Minha ida e volta à Copacabana, no Lago Titicaca, foi regida pela ameaça e subsequente efetivação de greves e bloqueios de estrada. A razão? Um sensato decreto do governo nacional reforçando a regulamentação e monitoramento dos motoristas e companhias de transporte. O tal decreto prevê que os donos de veículos dirigidos por pessoas bêbadas e que causarem acidentes, não poderão utilizar o veículo como meio de transporte por 1 ano, em uma primeira infração, e definitivamente em uma segunda infração. O problema está que em relação ao trasporte intra-departamental, que é normalmente feito em micros, vans e outros pequenos veículos, o dono ou é o motorista ou tem só aquele veículo. A perda do uso do mesmo implicaria na falência da pequena empresa, e na incapacidade de trazer sustento para suas famílias. Mas a pergunta ainda fica: Que tal não dirigirem bêbados? O que me espanta é a coragem destes motoristas de saírem às ruas, de alguma maneira justificando a possibilidade do motorista estar bêbado, para reclamarem seus direitos de classe.

Assim, na política. No meio desta confusão toda, o partido do governo, o MAS – Movimiento al Socialismo, está dividido. Um de seus mais importantes membros, Félix Patzi, ex-ministro da educação do primeiro governo Morales, foi pego dirigindo bêbado. O problema era que Patzi, político extremamente popular com os campesinos e certos movimentos sociais, era candidato para o partido nas próximas eleições. Ele postulava à posição de governador do departamento de La Paz. A reação de Morales e de outros altos dirigentes do MAS foi a de pedir a Patzi que não se candidatasse, o que ele se negou a fazer. Estava cumprindo com as penas jurídica e comunitária – a qual envolveu fazer um número de tijolos de barro para a sua comunidade. Já havia pedido desculpas ao presidente, disse ele, e portanto, não via porque não poderia se candidatar. Aparentemente, disse, não era tanto por si, estaria contente de voltar a dar aulas na universidade - Patzi, intelectual aymara e militante do MAS, é professor de sociologia, mas a população o conclamava. A briga interna está acontecendo às claras. Como político e professor de sociologia, Patzi deveria dar o primeiro exemplo para sua sociedade, mas em um país onde é mais ou menos aceitável um motorista profissional dirigir bêbado, o que se espera de um motorista particular?

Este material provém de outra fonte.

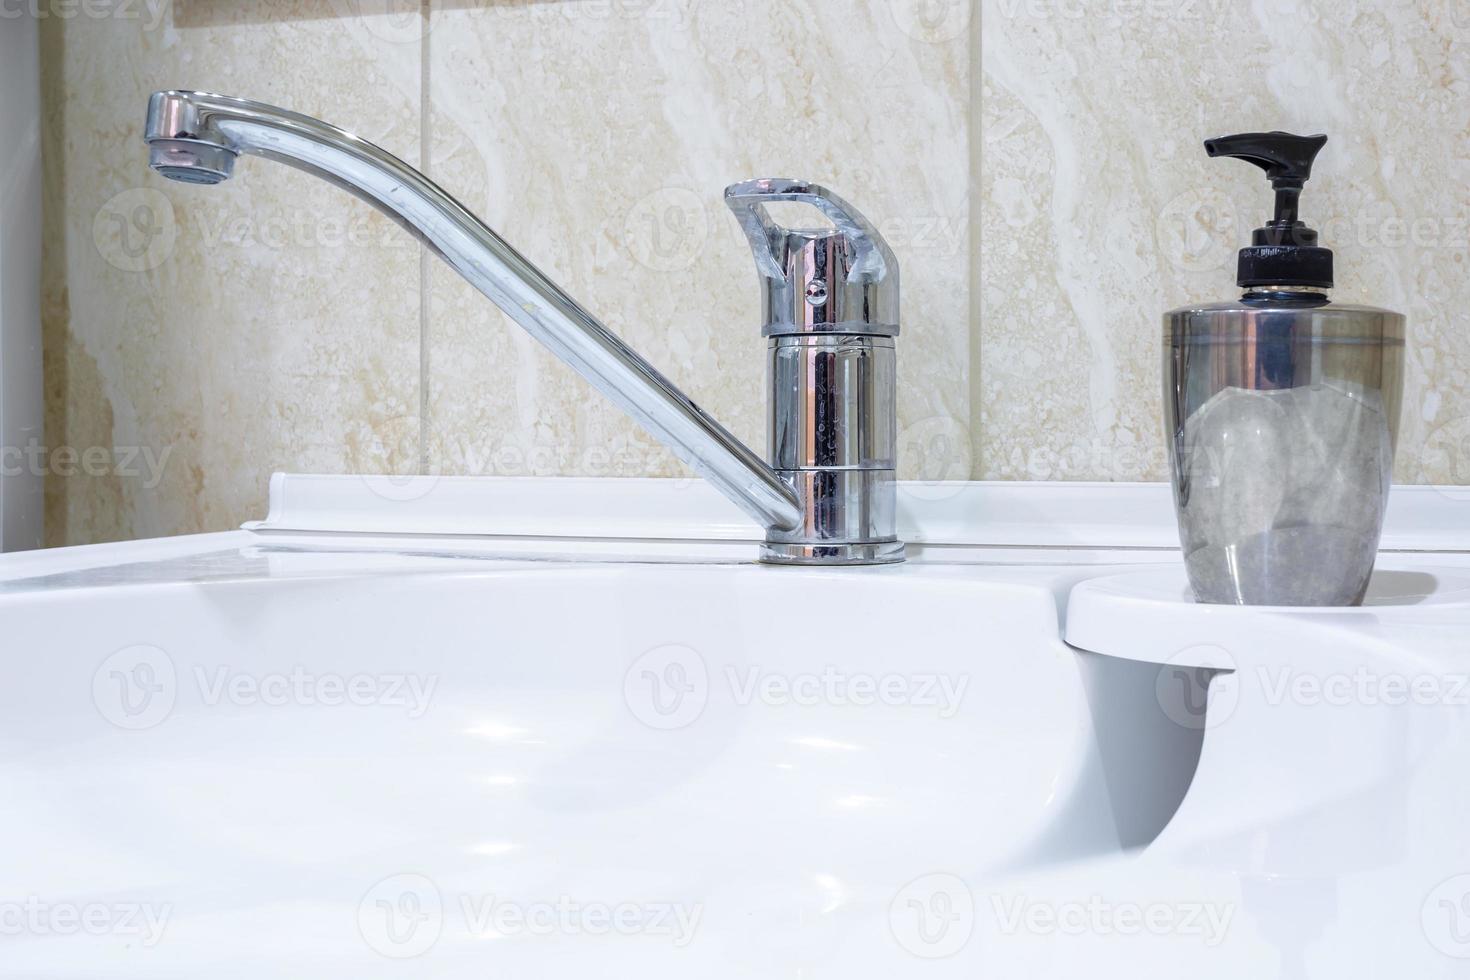 lavandino del rubinetto dell'acqua con rubinetto nel bagno soppalcato costoso. dettaglio di una cabina doccia ad angolo con attacco doccia a parete foto

Ponto de Partida de Movilidades - El Alto

Um comentário:

  1. Julia, liguei ontem para a casa do Ian e da Ana e falei com Phil, que comentou sobre seu blog. Li as entradas, que massa! vc escreve muito bem e seu estilo e muito divertido! Dá para imaginar as cenas... Bom, vou continuar seguindo as suas aventuras quando tiver um tempinho, no mais um abraço grande para vc e Teresa.